Thirty SD rats were adapted to the feeding schedule for 1 w prior to group allocation. The animals were then randomly divided into three groups of ten: a sulfur-fumigated RD group (20 g/kg) (According to the table of human and animal equivalent dose ratio based on the body surface area in the pharmacological experiments: the clinical dose was approximately 3.2 g/kg, converted into rat dose: rat dose=3.2 g/kg × 70 kg × 0.018/200=20 g/kg), sulfur-free RD group (20 g/kg), and control group. The control group received equivoluminal distilled water at 20 ml/kg by once-daily intragastric administration for 12 w. Rats were housed at five per cage with ad libitum access to water. Body weight and average food intake were recorded weekly. General health and behavior (e.g., coat condition, defecation, mental condition) were observed weekly.

Analysis

Animals were fasted but allowed water ad libitum for 12 h after the last RD or water intragastric administration. Rats were weighed 24 h after final administration. Retro-orbital blood was sampled under anesthesia for routine cell counts and biochemical analysis using a MICROS 60 automatic three-classification blood analyzer and BS-380 automatic biochemical analyzer, respectively. Animals were then sacrificed by cervical dislocation and the abdominal cavity dissected immediately. The color and morphology of organs were evaluated by naked eye and recorded in detail. The heart, liver, spleen, lung, kidney, thymus, and duodenum were removed, rinsed with chilled (4°C) normal saline, blotted dry with filter paper, and then weighed for calculation of the organ coefficient. Organs were fixed in 100 g/L formaldehyde at 4°C for 24 h, followed by dehydration in graded ethanol, embedding, slicing, and HE staining. Pathological changes were observed under light microscopy.

Statistical methods

Data are expressed as mean ± standard deviation (x̄ ± s). Microsoft Excel and SPSS19.0 software were used for analysis of variance. A p<0.05 is considered significant and p<0.01 as highly significant.

Results

General conditions

During the 90 d period of intragastric administration, all rats showed normal growth and development, and no major adverse reactions were observed. Coat remained glossy and stool shape was normal. No bloody purulent stool, diarrhea, or abnormal secretions for nose, eyes, and mouth were observed.

Body weight

Average body weight did not differ among groups at any time during the 12 w of treatment (Figure 1). In all three groups, weight gain was regular over the first 6 w and more moderate thereafter.

biomedres-Average-body

Figure 1: Average body weight in each treatment group.

Blood cell counts

There were no significant differences in routine blood cell counts among groups after 90 d’ continuous treatment (Table 1). While PLT count was lower in the sulfur-free group and WBC lower in the sulfur-fumigated group, these differences did not reach significance (P>0.05).

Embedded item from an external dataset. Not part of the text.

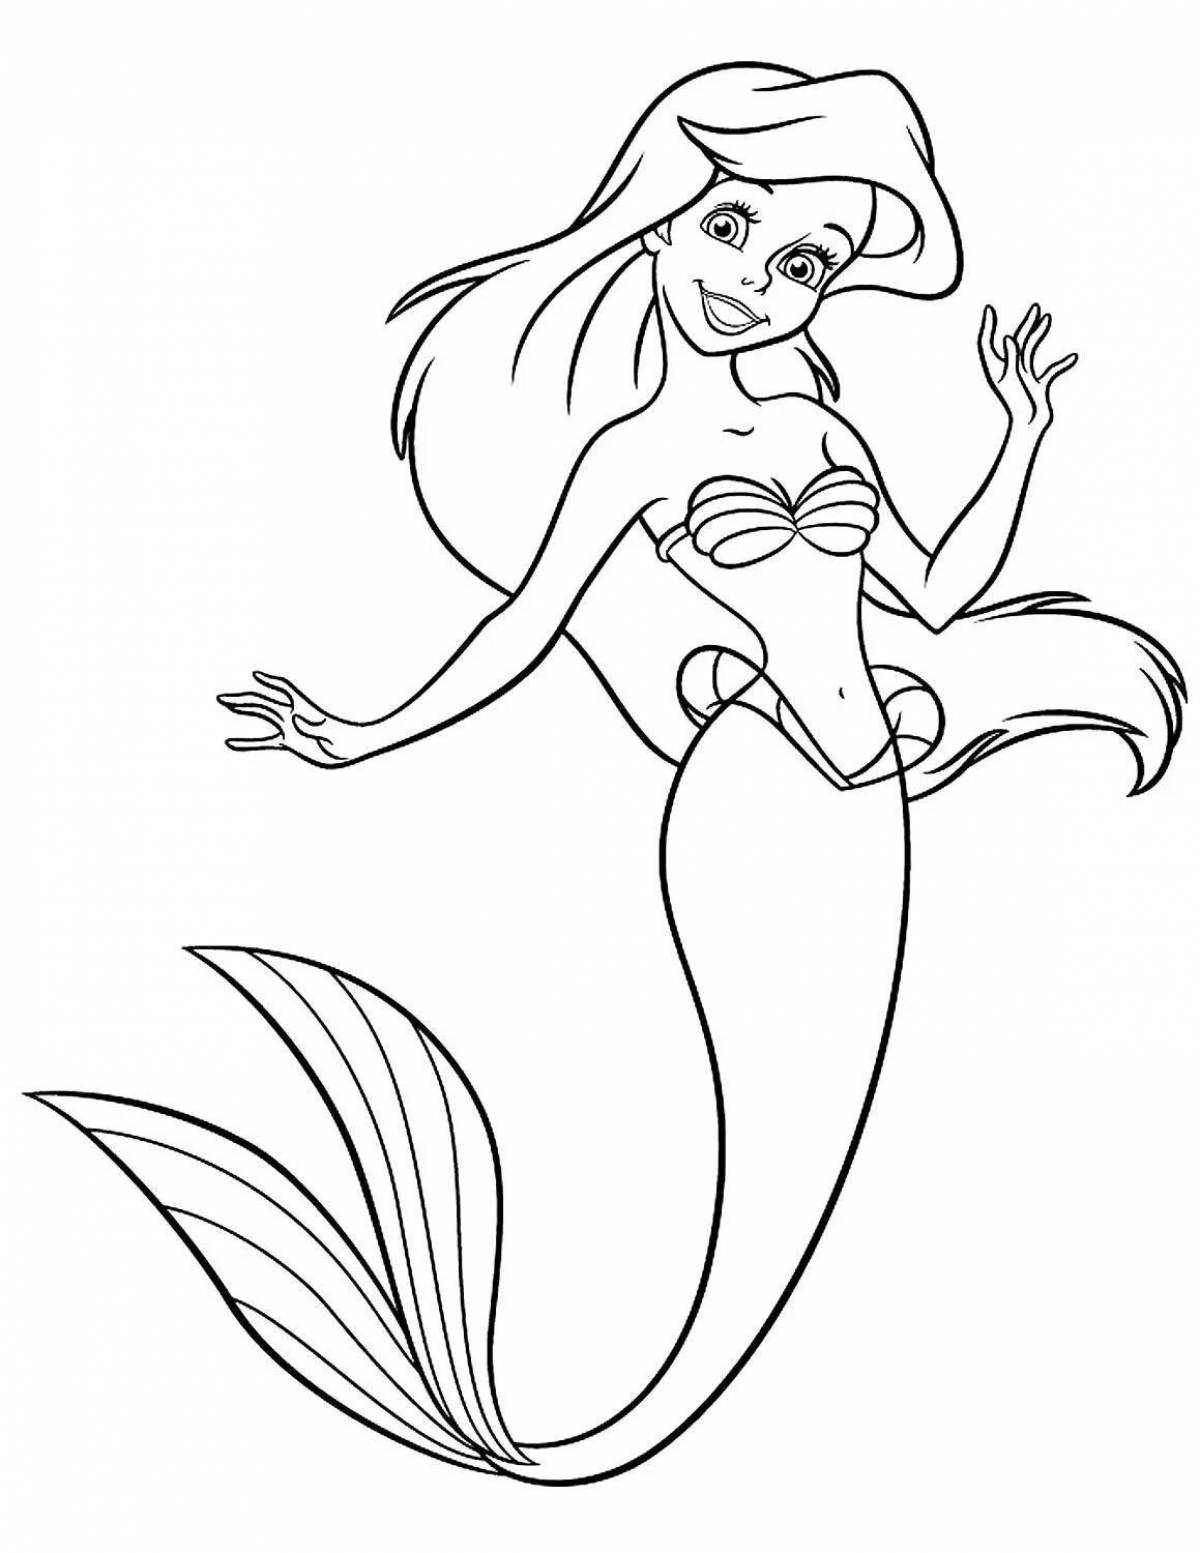 Amazing mermaid princess coloring book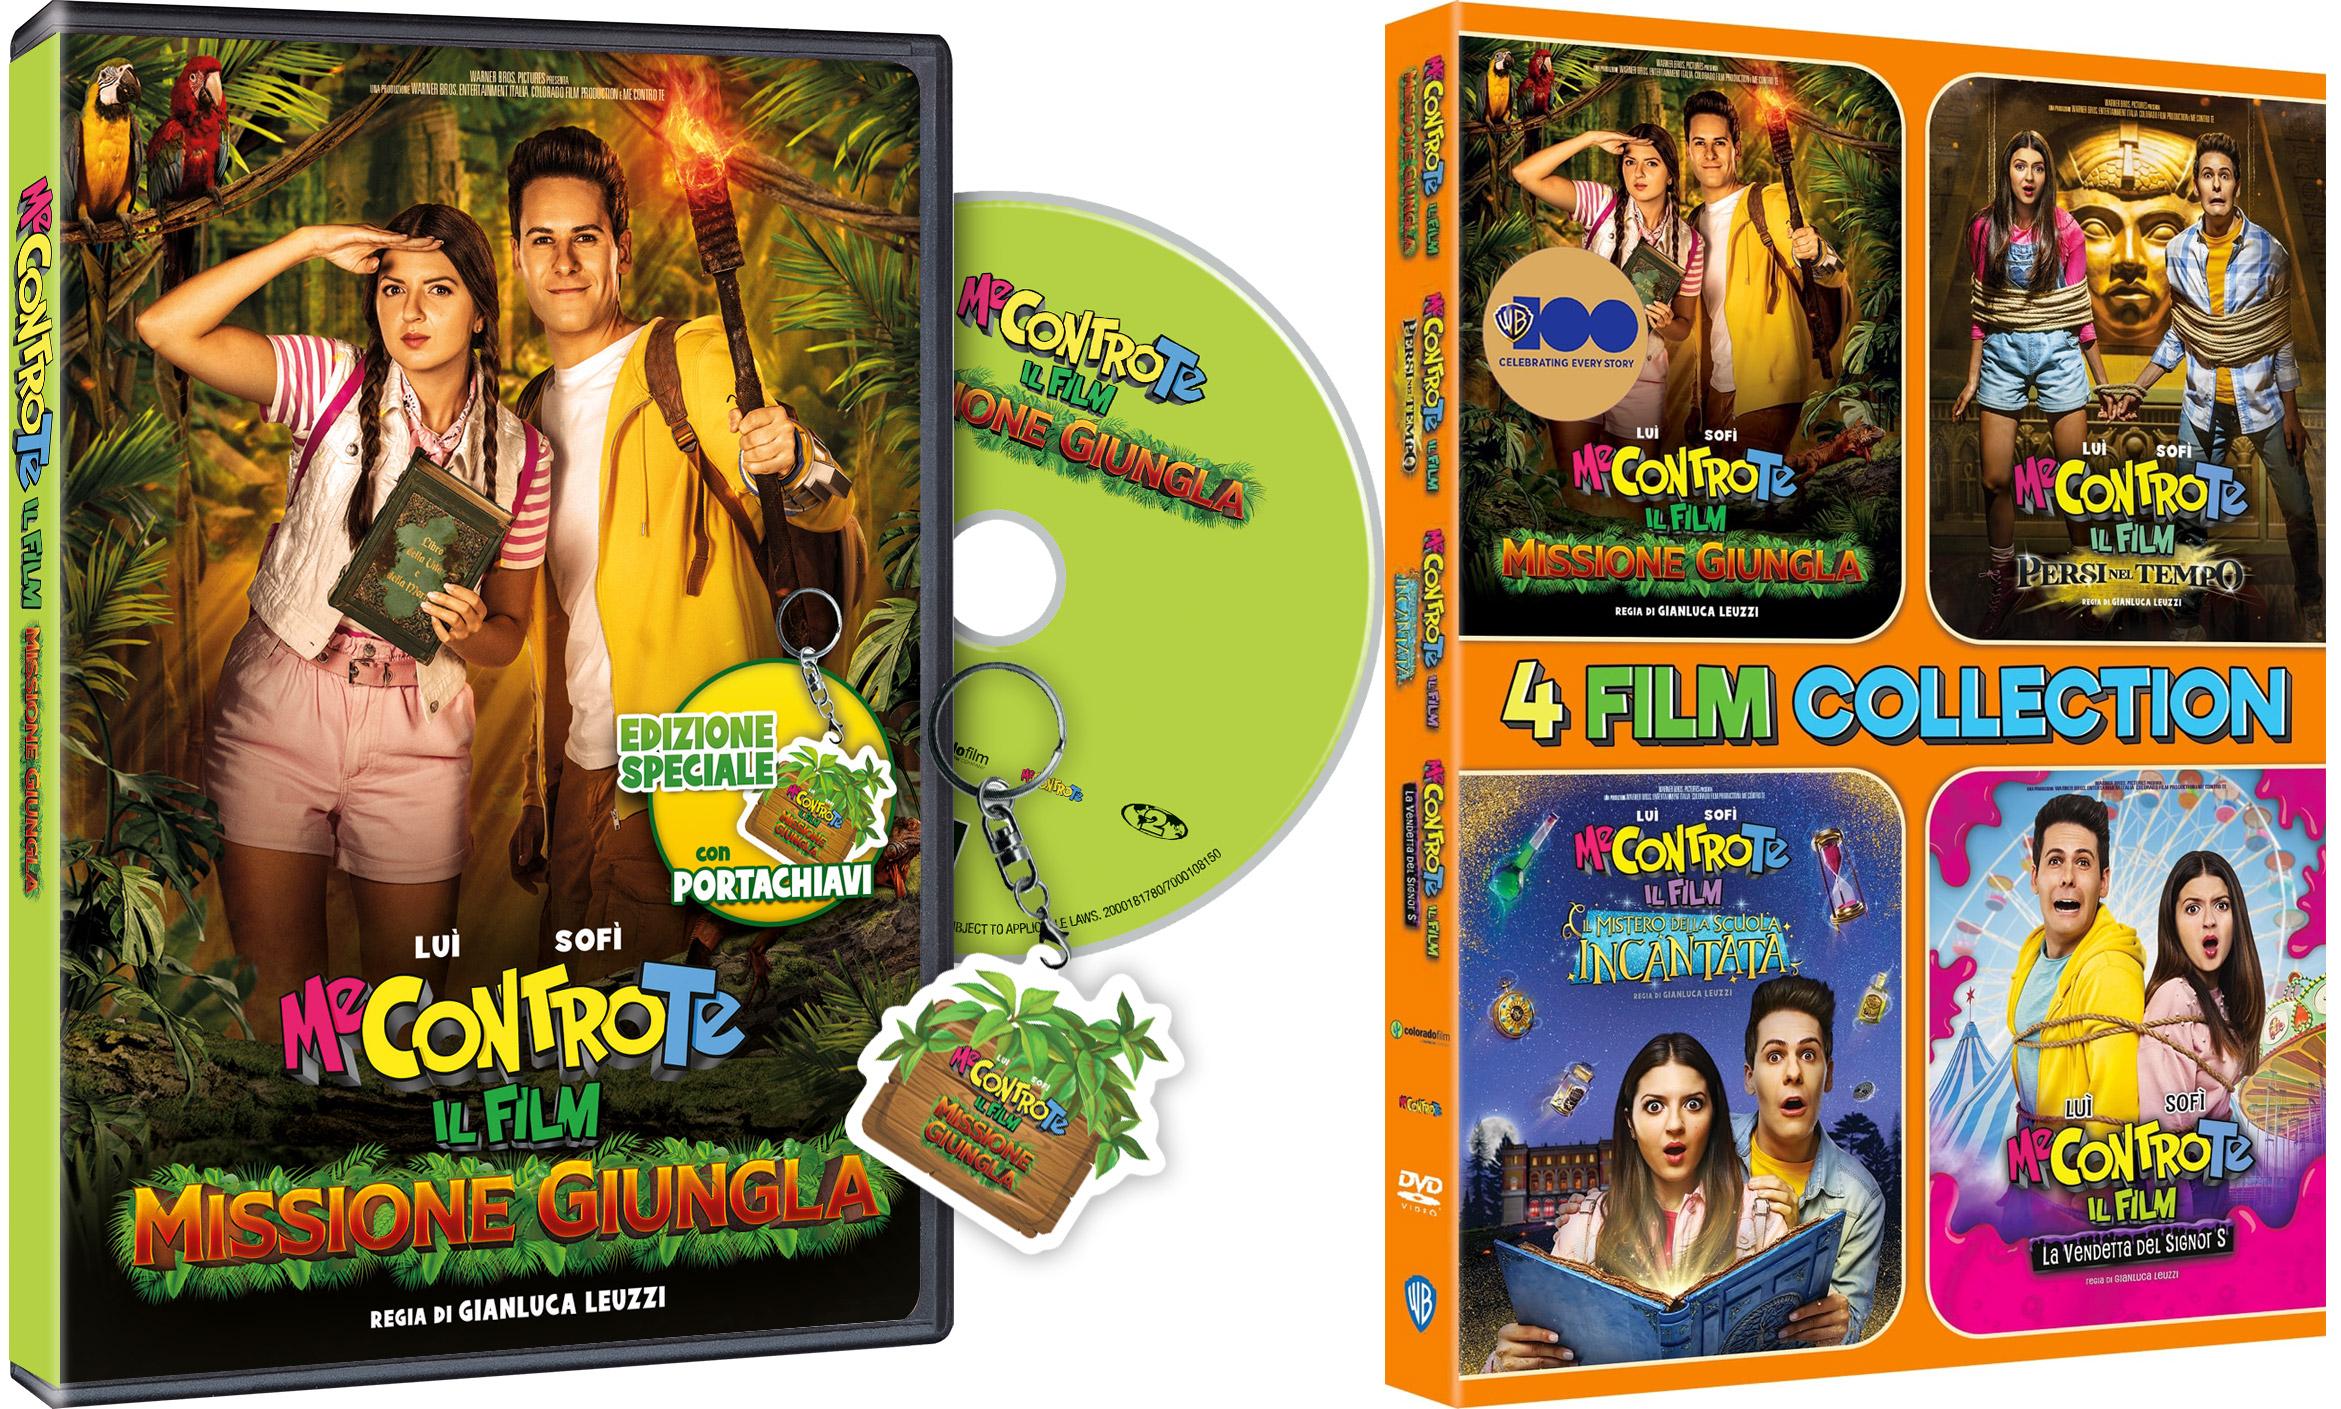 Me Contro Te Il Film - Missione Giungla in edizione speciale DVD con portachiavi e cofanetto con tutti i quattro film

Test items Blank control group Sulfur-free group Sulfur-fumigated group
WBC (× 109/L) 4.18 ± 1.52 4.113 ± 1.72 3.717 ± 0.42
RBC (× 1012/L) 8.22 ± 0.46 8.212 ± 0.49 8.167 ± 0.49
HGB (g/L) 142.67 ± 5.32 142.0 ± 5.29 144.00 ± 5.69
PLT (× 109/L) 992.0 ± 100.72 943.88 ± 57.57 980.50 ± 107.89
LYM (× 109/L) 3.80 ± 1.45 3.78 ± 1.65 3.33 ± 0.42
GRA (× 109/L) 0.22 ± 0.041 0.18 ± 0.05 0.20 ± 0.06
MON (× 109/L) 0.17 ± 0.082 0.163 ± 0.074 0.12 ± 0.045
Note: Compared to the distilled water control group, *P<0.05, **P<0.01; compared to the sulfur-free group, #P<0.05, ##P<0.01.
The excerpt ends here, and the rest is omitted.